Background: Standard Model Dirac Neutrinos
In the Standard Model there is one neutrino for each of the three charged leptons called, not particularly creatively, the electron neutrino, the muon neutrino and the tau neutrino. All three neutrinos have a zero electromagnetic charge and an intrinsic spin of 1/2 which means that it is a fermion rather than a boson. Neutrinos an extremely low mass, perhaps a a billion times lighter than an electron - the exact number isn't known. The electron neutrino and muon neutrino quite close in mass and the tau neutrino is a couple of orders of magnitude heavier.
They do interact via the weak force of the Standard Model, however. All of the other fermions of the Standard Model come in four varieties, left and right handed versions of the particle itself, and left and right handed version of its opposite charge, identical mass antiparticle, of which only the left handed versions interact with the weak force. Standard Model neutrinos come in only two varieties: left handed particles and right handed antiparticles, both of which interact with the weak force.
Some people hypothesize that neutrinos get their mass in a manner different from other Standard Model fermions, a Majorana mass, but I'm going to assume that they get their mass the same way that all other fundamental Standard Model particles do, a kind of mass that is called a Dirac mass.
I make that assumption because Majorana neutrinos are neutrinos in which the particle is identical to its antiparticle, yet the very reason that neutrinos were predicted at all (well, one of the reasons anyway) is that the distinction between neutrinos and antineutrinos is necessary to conserve what is known as "lepton number" in weak force interactions like beta decay. Ordinary leptons like electrons and electron neutrinos have a lepton number of 1. Antiparticles of leptons like anti-electrons (aka positrons) and electron antineutrinos have a lepton number of -1. All other particles have a lepton number of zero.
In the Standard Model, if a W- boson, which has a lepton number of zero decays by its most common route (seen in beta decay), it produces an electron and an electron antineutrino, never an electron and an ordinary electron neutrino. The W- boson has a lepton number of zero, and so do the sum of the lepton numbers of its decay products, the electron (+1) and the electron antineutrino (-1). The weak force does not treat the neutrino and antineutrino as identical, even though electromagnetism, the strong force and gravity do treat them as identical. Instead, the weak force treats neutrinos and antineutrinos as opposites for purposes of lepton number conservation, which is a perfectly observed symmetry in the Standard Model and has never been observed to be violated in any experiment ever.
Another rule of the Standard Model is that when a fermion and its antifermion run into each other that they annihilate into pure energy having exactly the same mass-energy (pursuant to E=mc^2) as the inputs.

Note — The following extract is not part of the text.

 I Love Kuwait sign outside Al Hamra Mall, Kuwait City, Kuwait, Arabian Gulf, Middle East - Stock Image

It isn't obvious that this rule makes sense in the case of Majorana neutrinos. (When the W+ boson and the W- boson which we think of as antiparticles of each other run into each other they can produce a Z boson instead of a photon, so the rule doesn't apply quite the same way for bosons of instrinsic spin 1 as it does for fermions of intrinsic spin 1/2.)
Thus, when an electron neutrino collides with an electron antineutrino, the result will typically be a photon with energy equal to the combined mass-energy of the colliding neutrino and antineutrino. Conversely, any photon with enough energy to provide rest mass for an electron neutrino and an electron antineutrino pair can spontaneously turn into such a pair (if I understand the theory correctly).

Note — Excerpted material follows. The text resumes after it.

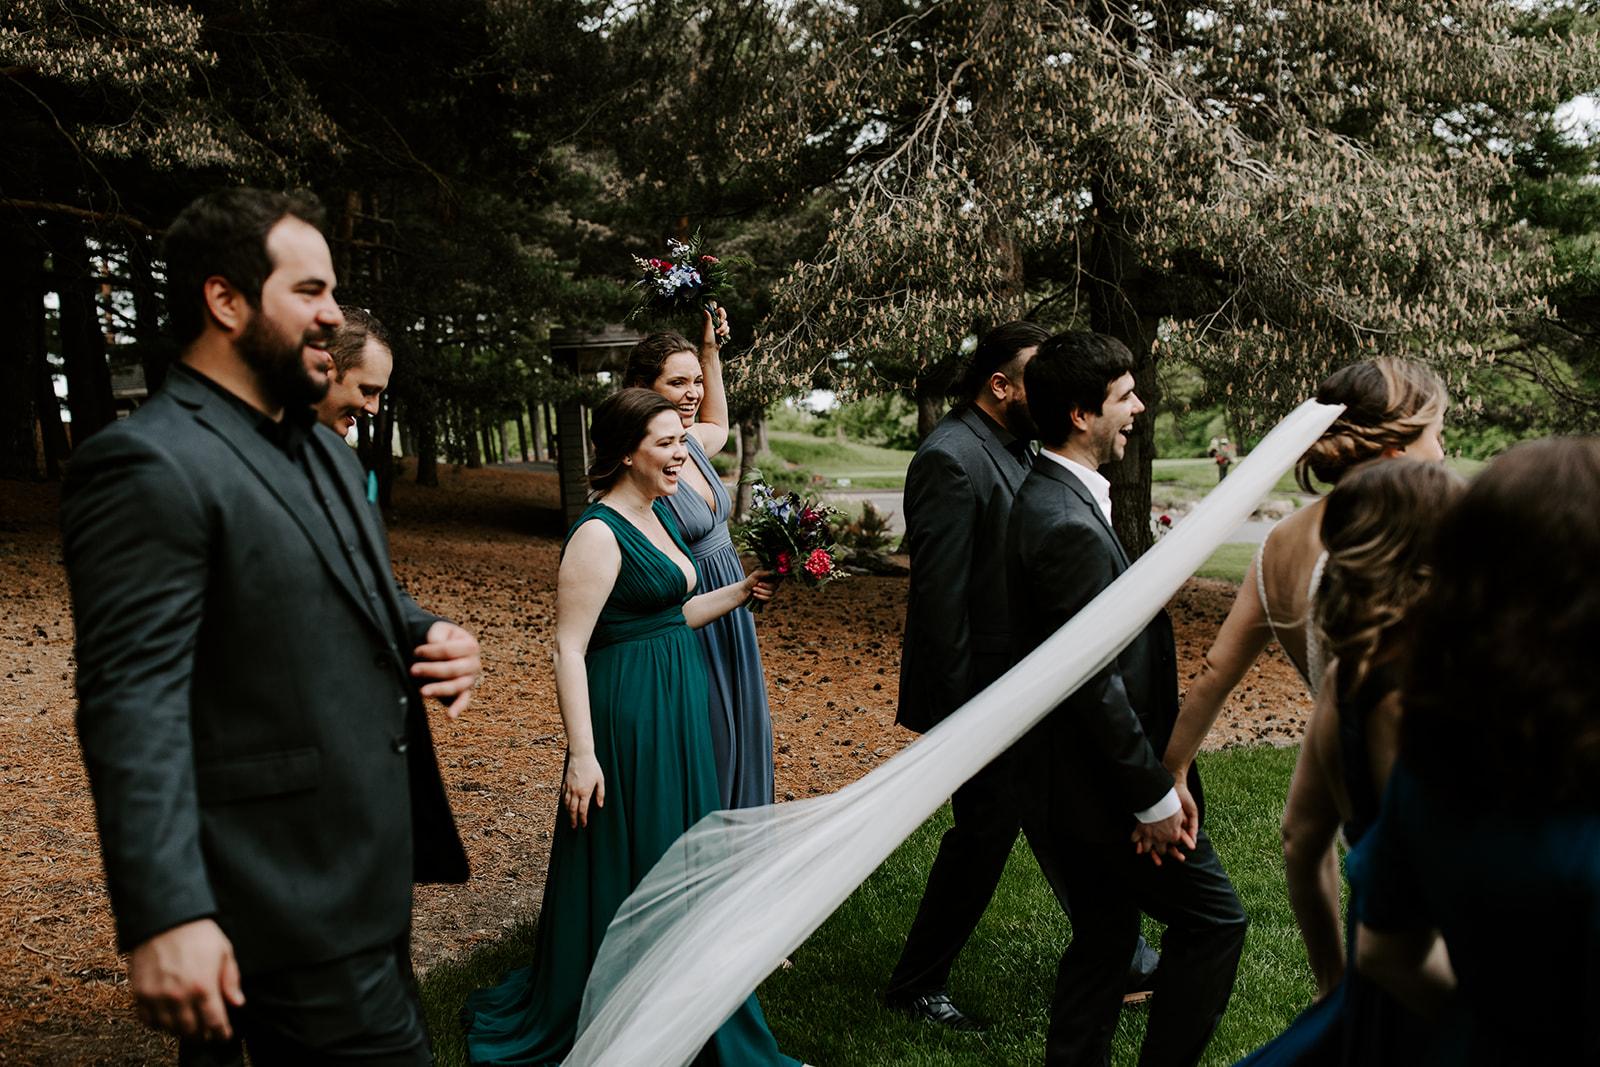 2019-06-01-00-Lindsey+Mat-05_Wedding_Party-meandhimphoto-0090-K5D45011.jpg

Neutrinos oscillate from one flavor (electron, muon or tau) to the another, via W boson interactions, with probabilities that are still being empirically determined. But, electron and muon neutrinos which are closer to each other in mass, oscillate into each other much more readily than either of them do with tau neutrinos.
Neutrinos also interact with Z bosons, the so called neutral currents, which I discuss further below.
Meet Z bosons
So far we have been "on the reservation" reviewing settled Standard Model physics. This section is a bit more speculative. While I don't propose new particles or dimensions or forces or coupling constants, I do make a supposition about the sign of the weak force created between neutrinos and/or antineutrinos exchanging Z bosons which is neither definitively established, nor definitively ruled out by experiment. This is where a little bit of conjecture steps in.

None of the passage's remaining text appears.